### [Exercise description]
Copy the data verbatim and leave out every picture.
====== Supplied material ======
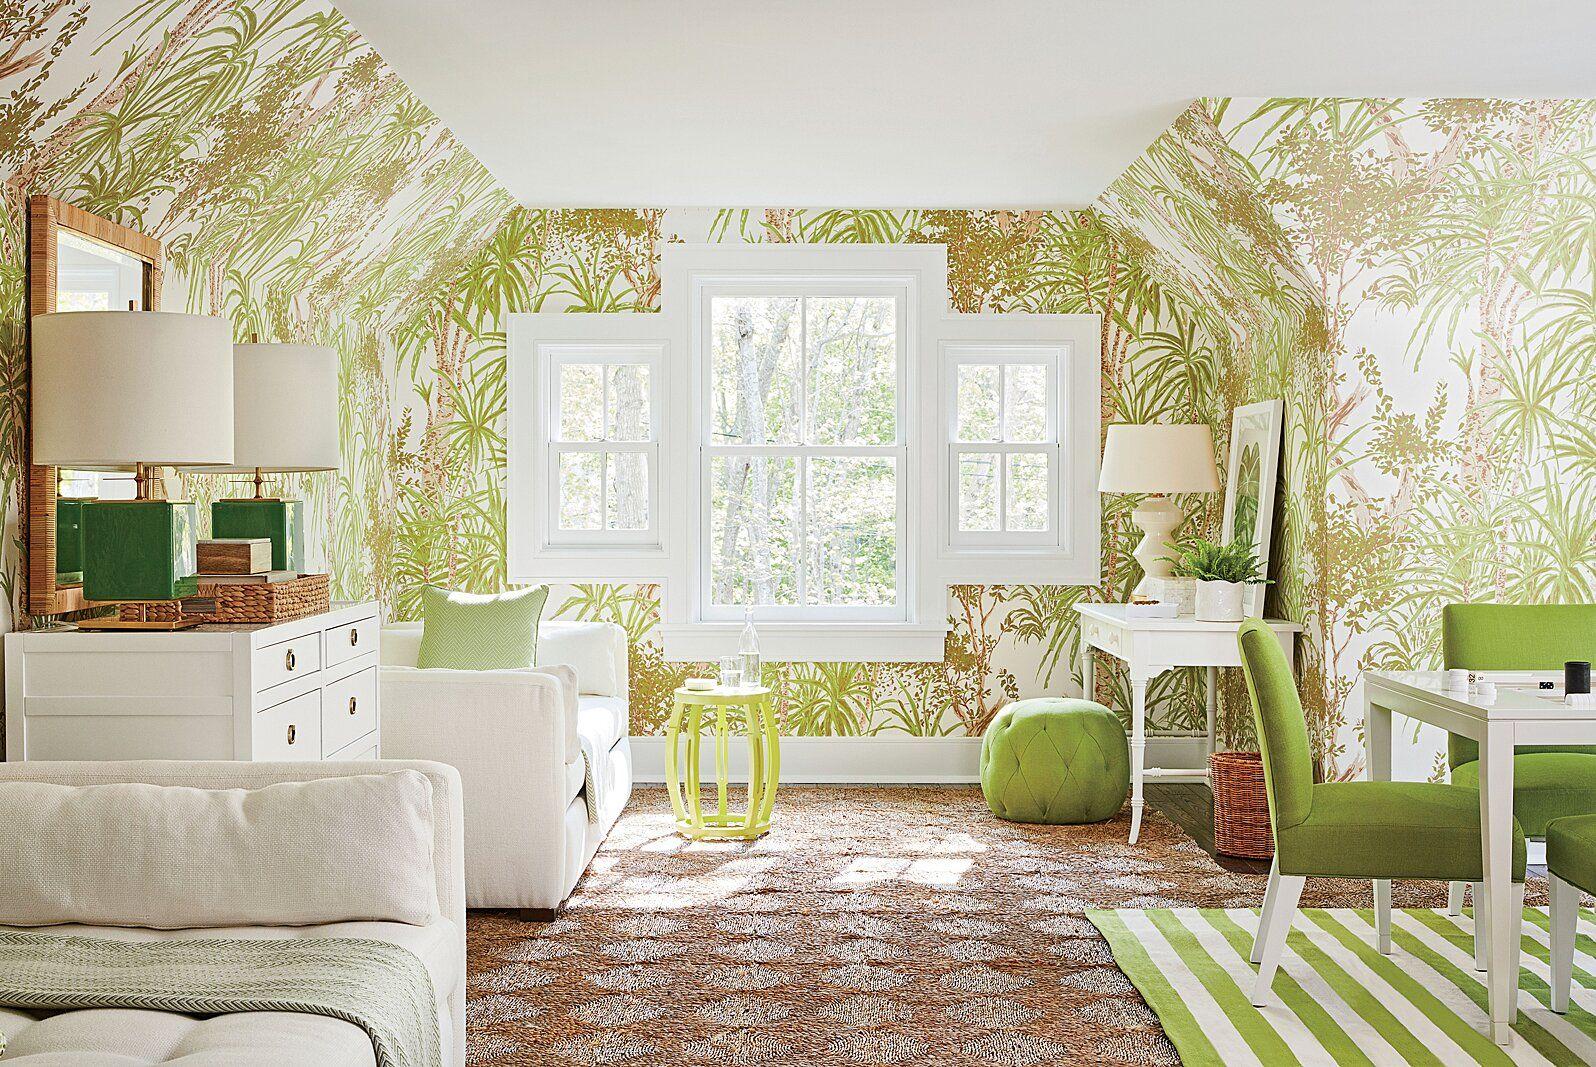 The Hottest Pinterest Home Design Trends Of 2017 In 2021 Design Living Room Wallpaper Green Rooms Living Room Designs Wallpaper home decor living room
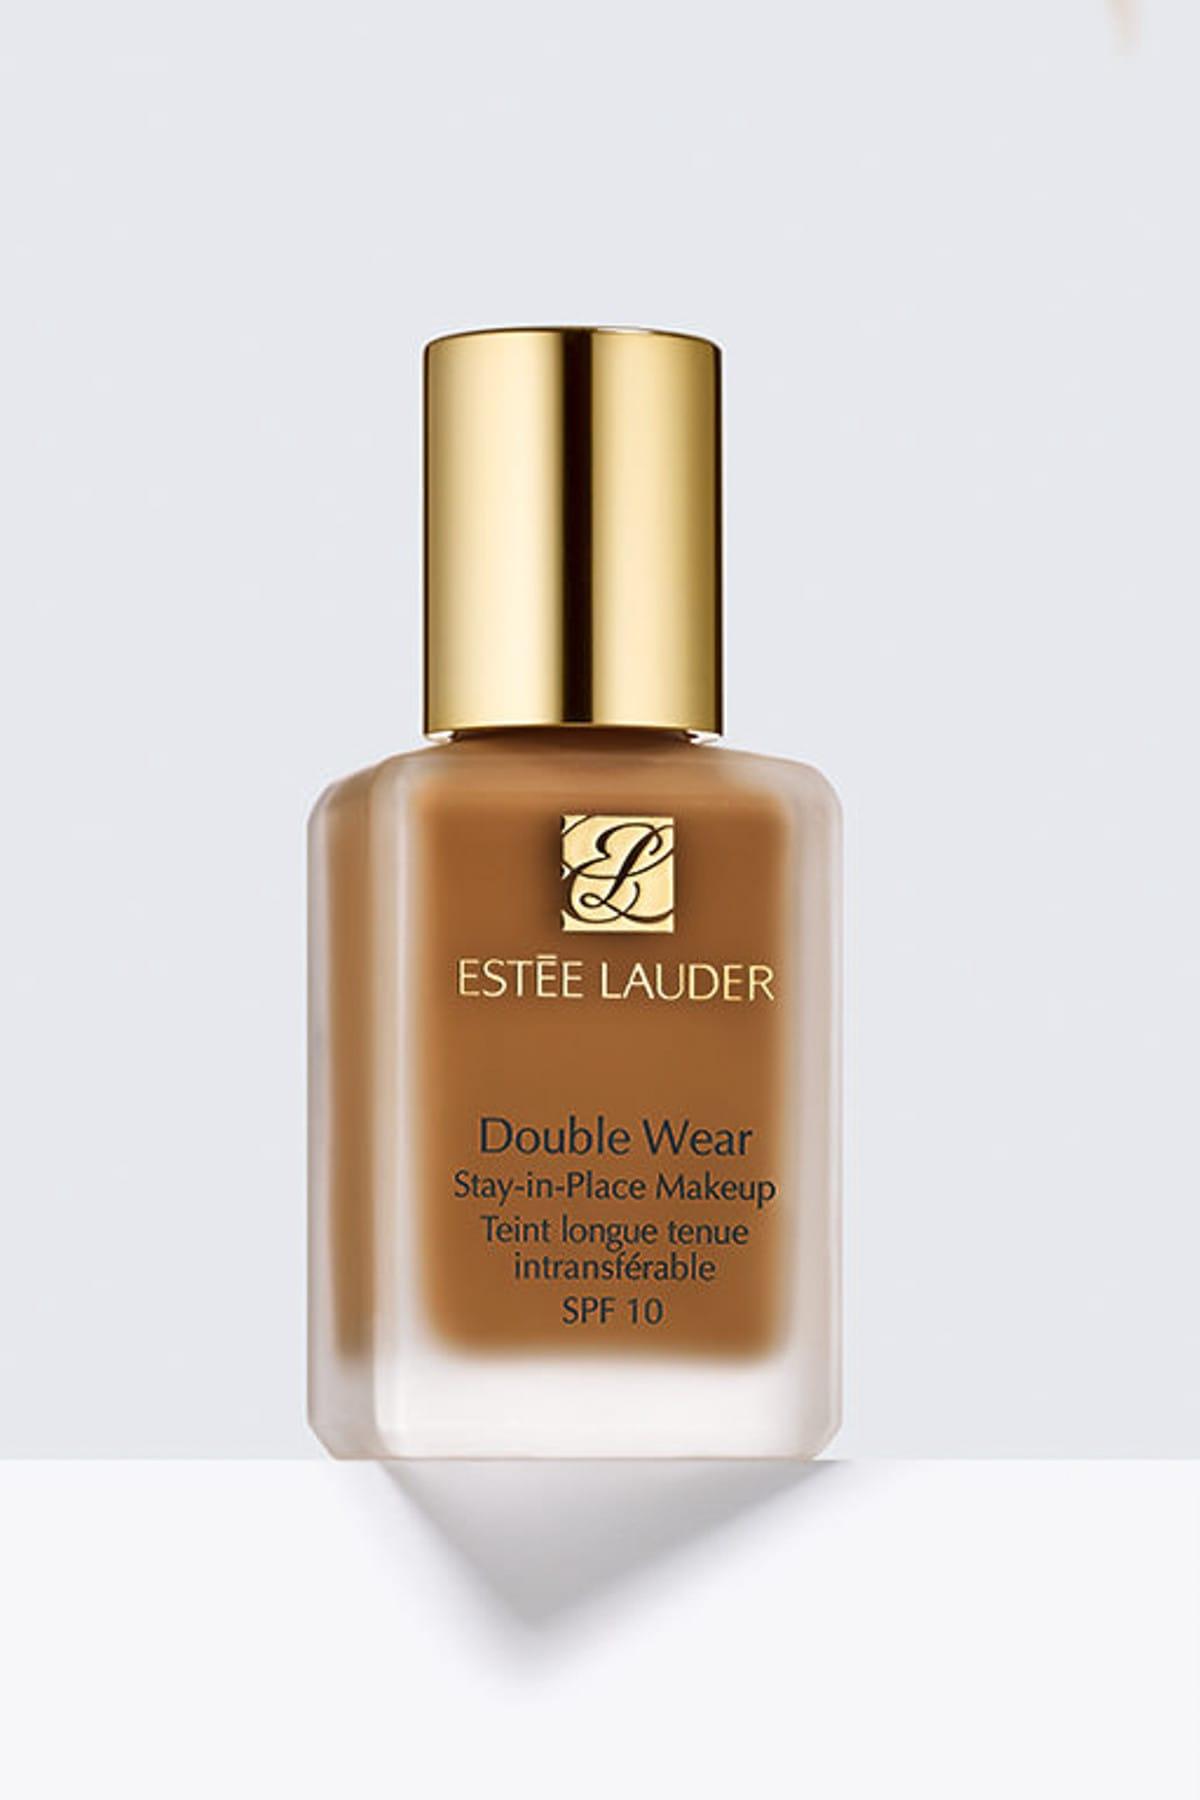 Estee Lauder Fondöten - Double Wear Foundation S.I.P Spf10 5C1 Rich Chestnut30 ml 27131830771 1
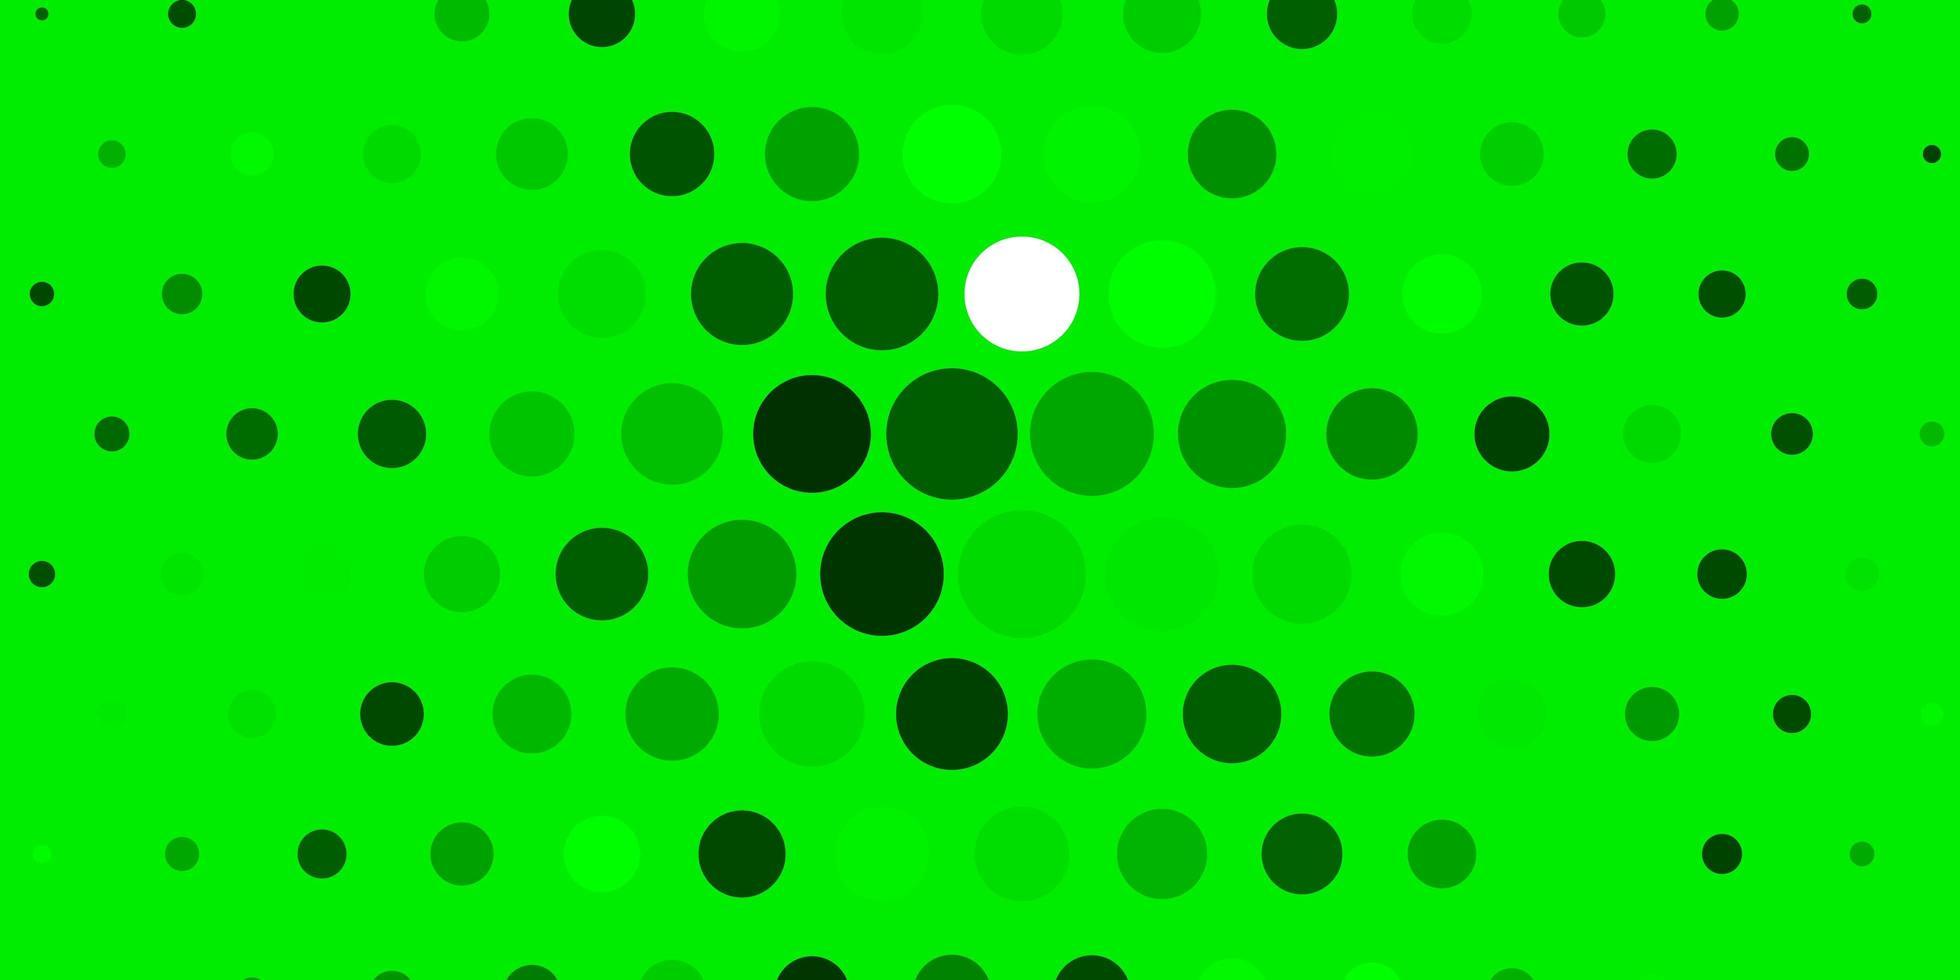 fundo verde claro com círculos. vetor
======
### [Answer section]
 The Hottest Pinterest Home Design Trends Of 2017 In 2021 Design Living Room Wallpaper Green Rooms Living Room Designs Wallpaper home decor living room
 Estee Lauder Fondöten - Double Wear Foundation S.I.P Spf10 5C1 Rich Chestnut30 ml 27131830771 1
 fundo verde claro com círculos. vetor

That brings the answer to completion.